**The records**

>>

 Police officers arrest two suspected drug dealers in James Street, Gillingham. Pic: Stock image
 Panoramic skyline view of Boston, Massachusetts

<<
>>

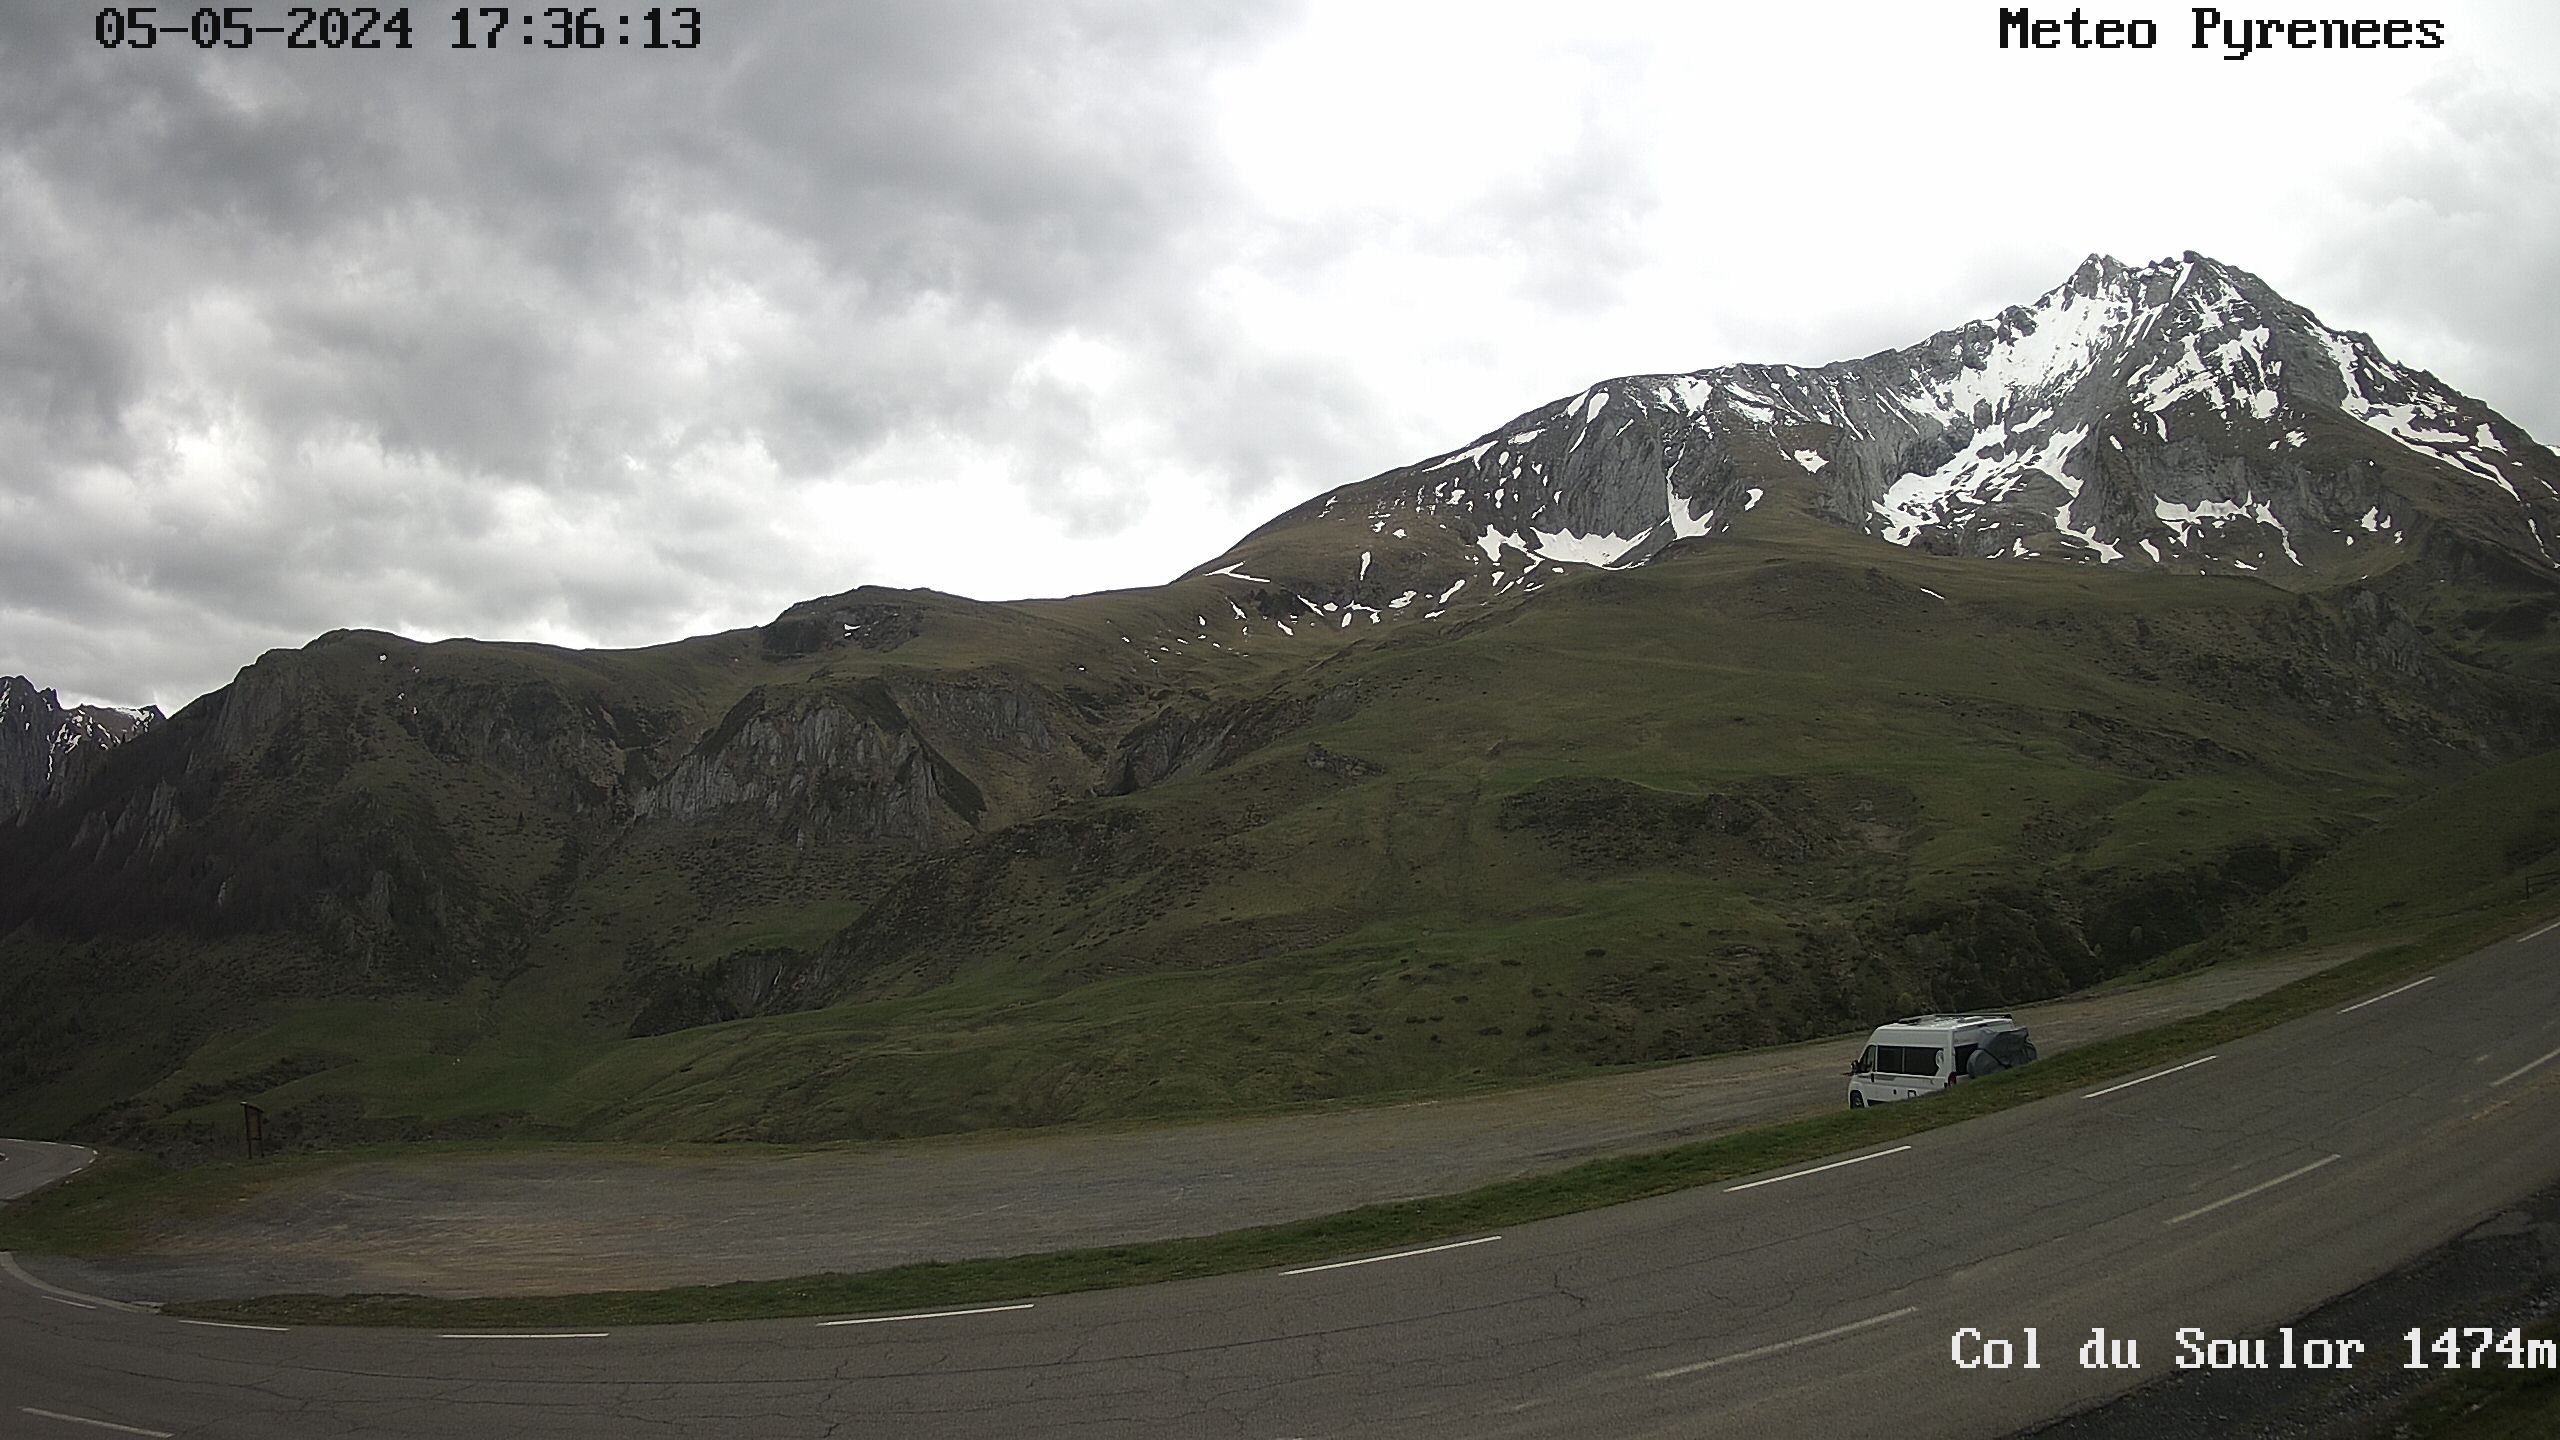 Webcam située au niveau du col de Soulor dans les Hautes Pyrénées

<<

**What you will do**
Look above for the line holding "Police officers arrest", then set down exactly that line and every line after it up to and including the line holding "Panoramic skyline view", with nothing else.

**Response**
 Police officers arrest two suspected drug dealers in James Street, Gillingham. Pic: Stock image
 Panoramic skyline view of Boston, Massachusetts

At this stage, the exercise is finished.